Hugh D. Young, Roger A. Freedman

Physics

14th edition Edition · 1596 pages

ISBN: 9780321973610

Chapter 4: Q20E (page 842)

You apply a potential difference of 4.50 Vbetween the ends of a wire that is 2.50 m in length and 0.654 mm in radius.
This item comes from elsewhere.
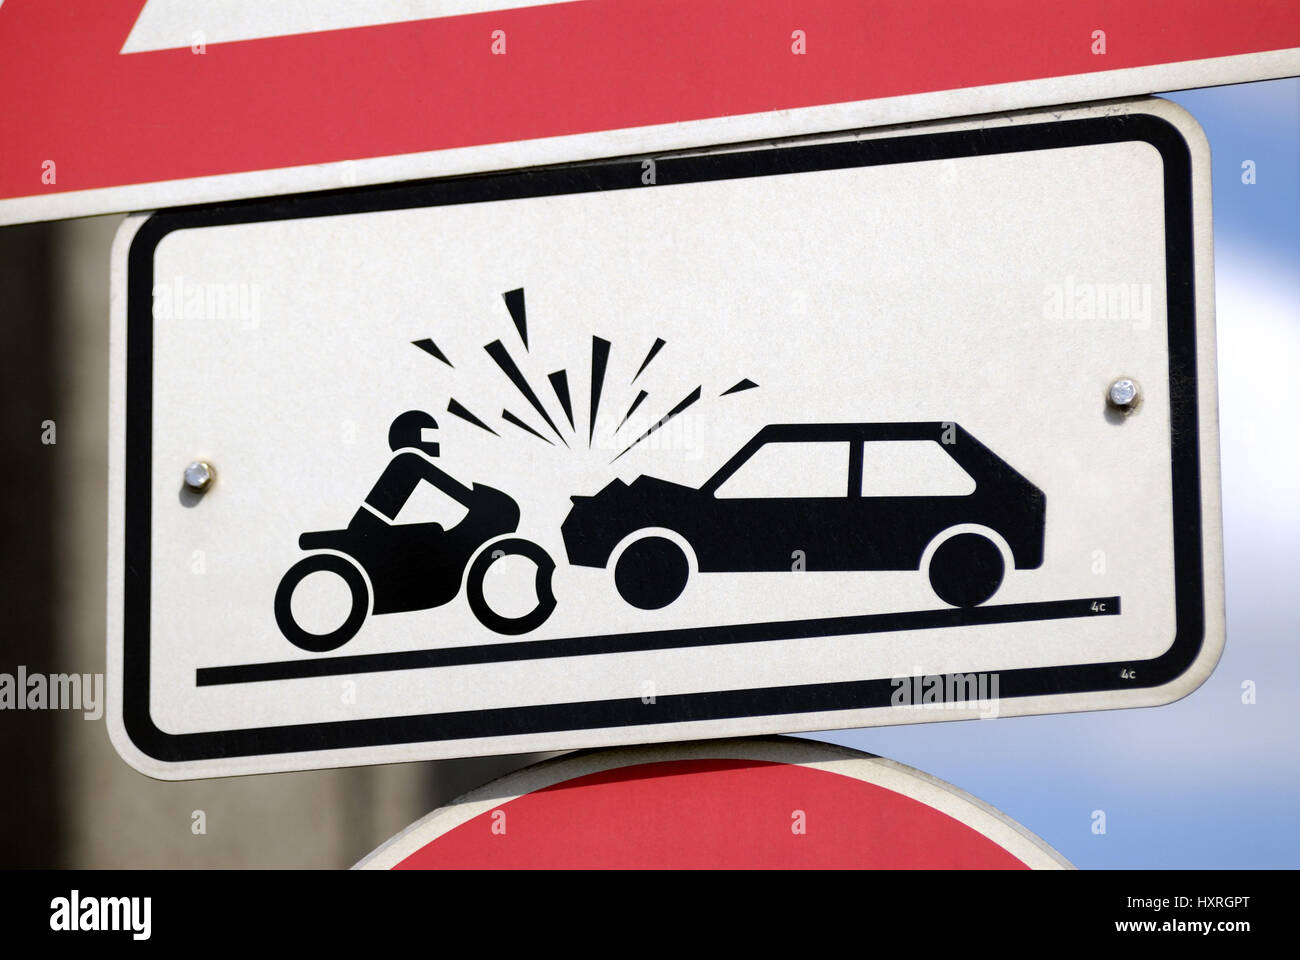 Road sign, road signs, sign, signs, accident, accidents, traffic accident, traffic accidents, car, cars, symbol, symbols, warning, warnings, danger, d Stock Photo

The resulting current through the wire is 17.6 A. What is the resistivity of the wire?

Short Answer

Expert verified

The resistivity of the wire is $13.8 \times 10^{- 8} Ω m$ .

Step by step solution

01

Determine the area of the wire

The given data is:

$V = 4.50 V, L = 2.50, m = 0.654 m m, a n d l = 17.6 A$

Now, the area of the wire can be calculated as:

$A = {πr}^{2} A = π \times {(0.654 \times 10^{- 3})}^{2} A = 1.344 \times 10^{- 6} m^{2}$

02

Determine the resistance of the wire

Now,

$R = \frac{V}{I} R = \frac{4.50}{17.6} R = 0.256 Ω$

Thus, the resistance of the wire is $0.256 Ω$

03

Determine the resistivity of the wire

The formula to find resistivity is:

$ρ = \frac{R A}{L}$

Substitute the given values

$ρ = \frac{(0.256 Ω) (1.344 \times 10^{- 6} m^{2})}{2.50 m} ρ = 13.8 \times 10^{- 8} Ω m$

Therefore, the resistivity of the wire is $13.8 \times 10^{- 8} Ω m$ .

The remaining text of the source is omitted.